To truly understand someone's abilities is... hard. And most of us can't really put in the time to do a "deep dive" on someone else's credentials. So we take shortcuts.

I'm not pointing fingers here. I do this. We all do this. We create an informal list of slang that we can use to determine whether someone is "one of us" or "one of them".

In other words, we create (consciously or subconsciously) shibboleths. We create shortcuts to separate the real devs - from the pretenders.

What do shibboleths look/sound like in the current JavaScript environment? Here are some common examples:

  • If a JS dev says "class" or "constructor" or "OOP" without the appropriate level of derision, he's one of them.
  • If a JS dev says "declarative" or "pure" or "immutable" or "functional programming", he's one of us.

  • If a frontend dev (of nearly any language) uses tabs, he's one of them.

  • If he uses spaces (and only two-space indents!), he's one of us.

  • If a JS dev refers to object properties via dot-notation, he's one of them.

  • If a JS dev relentlessly destructures all of his object properties into standalone variables, he one of us.

  • If a JS dev uses the function keyword, he's one of them.

  • If he uses arrow syntax, he's one of us.

  • If a JS dev uses .then()/.catch(), he's one of them.

  • If he uses async/await, he's one of us.

I could go on and on here, but I think you get the point. Because we don't have the time to do a "deep dive" on everyone's skillset, we resort to using these shorthand call signs to swiftly label a dev as one of us, or one of them.

The (massive) problem with this approach is that it's lazy. And it frequently leads to wildly-inaccurate assessments.

If I can perfectly pronounce shibbólet, does that mean I'm Jewish? Possibly. But it could also mean that I was raised in an environment with heavy Jewish influences. Or it could mean that I study languages and I'm fluent in Hebrew. Or it could even mean that I knew you'd use this silly test as a sorting mechanism, so I studied, beforehand, exactly how to pronounce shibbólet.

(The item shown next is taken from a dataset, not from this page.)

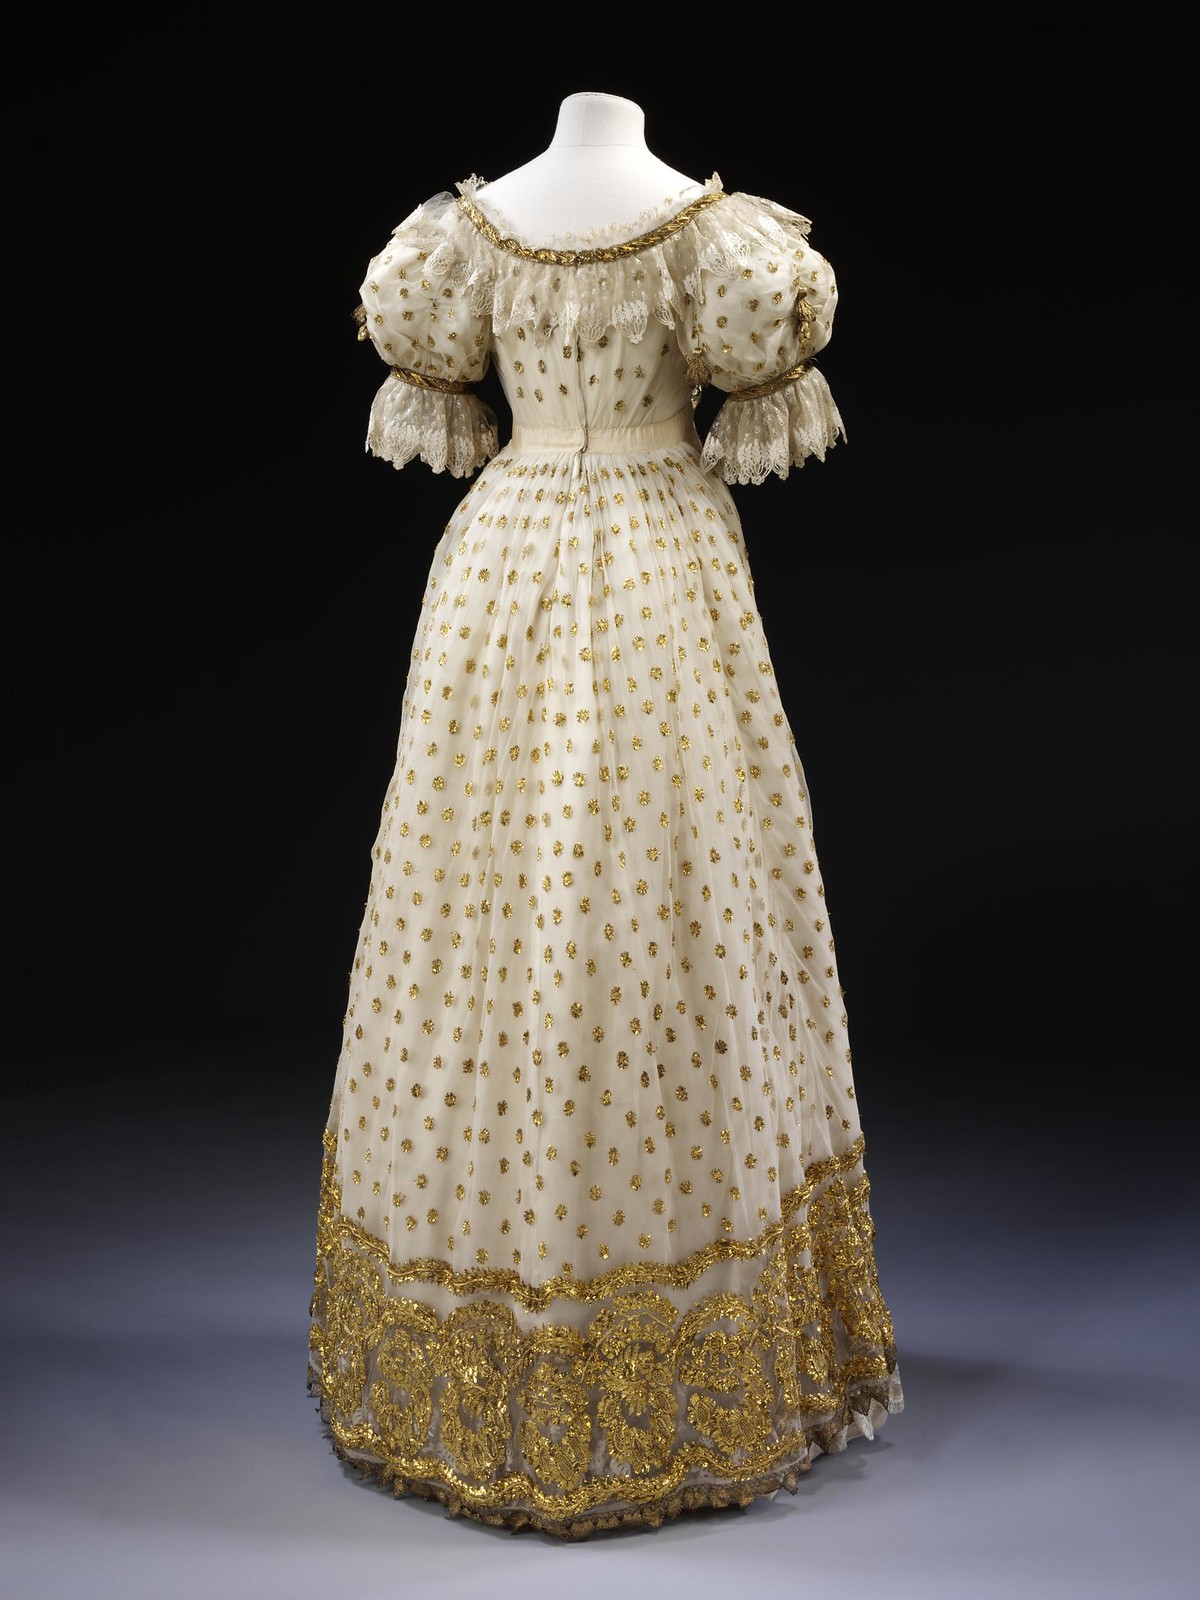 1820 Ball gown. British. Silk satin and silk embroidered with metal. © Victoria and Albert Museum, London

Similarly, the shibboleths we employ when evaluating fellow coders are prone to serious miscalculations. More importantly, they're also rife with our own personal biases.

I've met some coders who absolutely adore async/await. And that's fine. But sometimes they are so enamored with it that they'll look down their nose at anyone who uses .then()/.catch(). Or they scoff at anyone who uses the function keyword. Or they snigger when they see a class in your code. In other words, they're treating these concepts as shibboleths to sort out the poor coders. But what they're really sorting out is: people who don't code like them.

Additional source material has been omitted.